If you have room/trailer/8foot truck bed go with a Hitman layout blind by hunters specialties. Can get em on sale at Rogers sporting goods for $175 or 160 for basic brown. I highly recommend it. You'll like the way you look....I guarantee it!


----------



## the professor (Oct 13, 2006)

I have a FA proland'r and its a great blind. The avery finisher compares closest to the SUB out of the FA line. Out of the two, I would take the SUB. Especially for $145 shipped right now from cabelas.


----------



## rowdie (Jan 19, 2005)

Dose the hitman not fold? I like how they look and the dimensions seem roomy. It looks like it has a large opening, which I like. But still want to know the differencs of the express and final approach.


----------



## templey_41 (Jul 19, 2008)

No the hitman does not fold, but has a strap that runs on one side and goes over your shoulder to carry it like a satchel.

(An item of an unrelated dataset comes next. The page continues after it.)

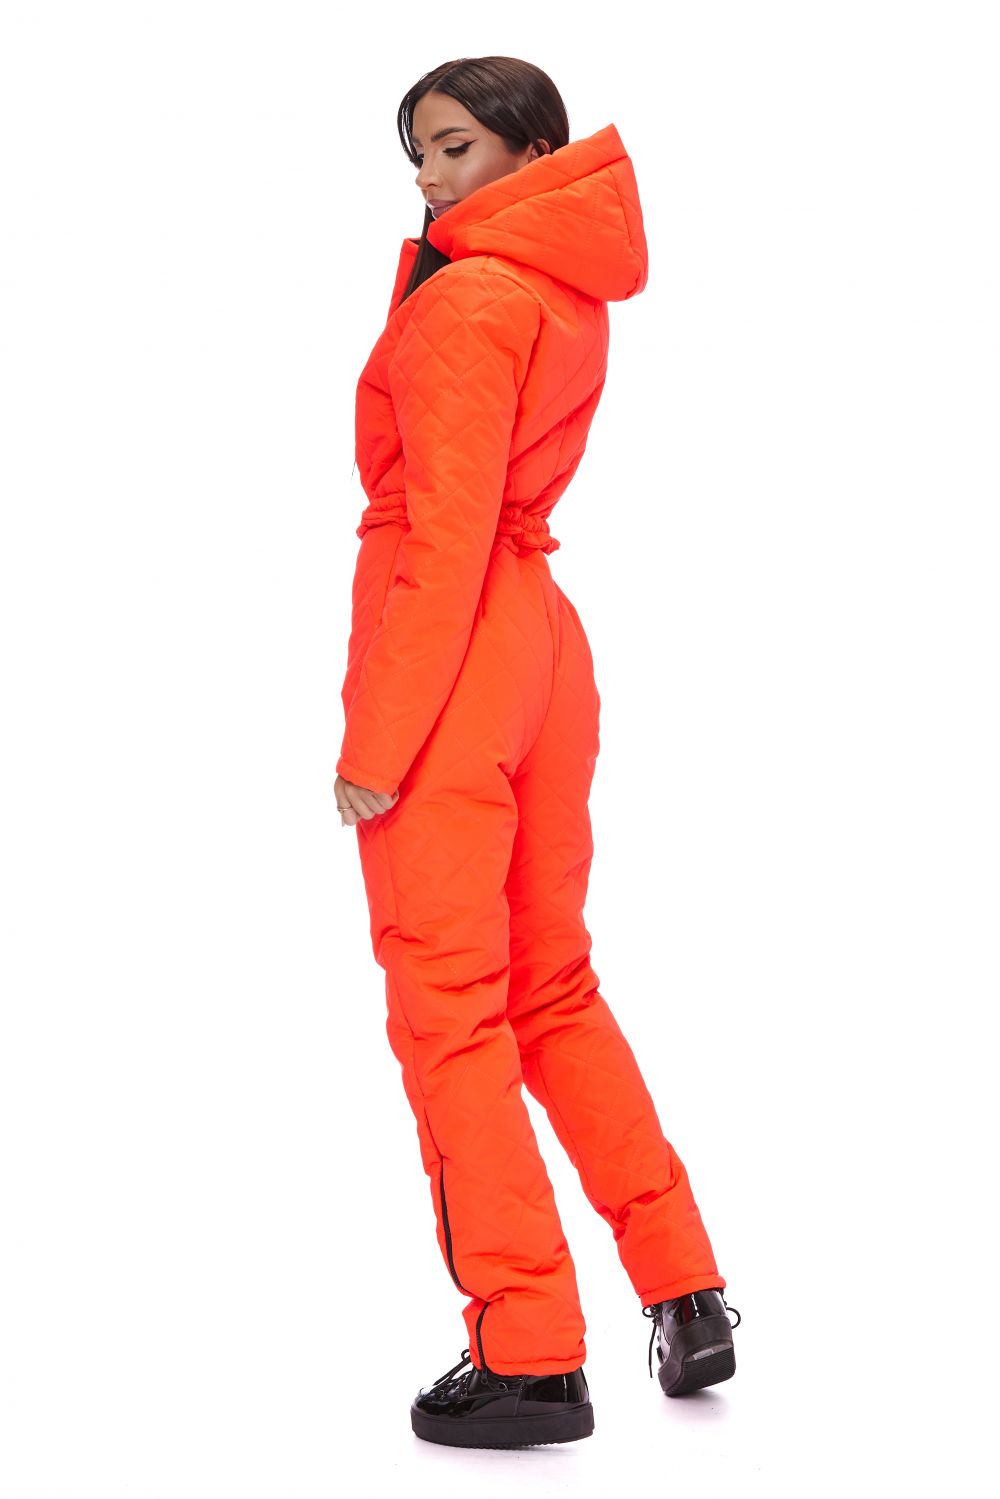 Coral Yvels Bogas casual ski jumpsuit

I own a SUB. it's crap. the PIN system is crap, how it folds is crap, and the back rest is tearing which =crap. seriously if you have the room for a 6foot layout go with the hitman. there is a thread on here of some guy who showed pics of how to put it together. it'll take ya bout 1.5 hrs to put it together, but once you have it in the field it'll take ya literally 10 seconds to put it up and lay it down. slick!

found it!

viewtopic.php?f=5&t=71481&hilit=+Hitman


----------



## rowdie (Jan 19, 2005)

I've spent some time looking at the Hitman, and now the only concern I have is the head covering or lack therof. I can't seem to find a pic of it colsed without a guy in it. Does it have any mesh too see through or do you have to have your head out?


----------



## shooteminthelips (Jun 13, 2007)

X2 on the Hitman. I have 6 and they are the best blind out there and I have owned them all. Comfort, low profile, they are wider then they are tall, and they don't seem to cast shadows as bad. The only down side is they don't for down to nothing like the other blinds. But if you have a trailer it is no big deal. Highly reccomend them.


----------



## rowdie (Jan 19, 2005)

Thanks for the link!! It answered a lot of my Q's.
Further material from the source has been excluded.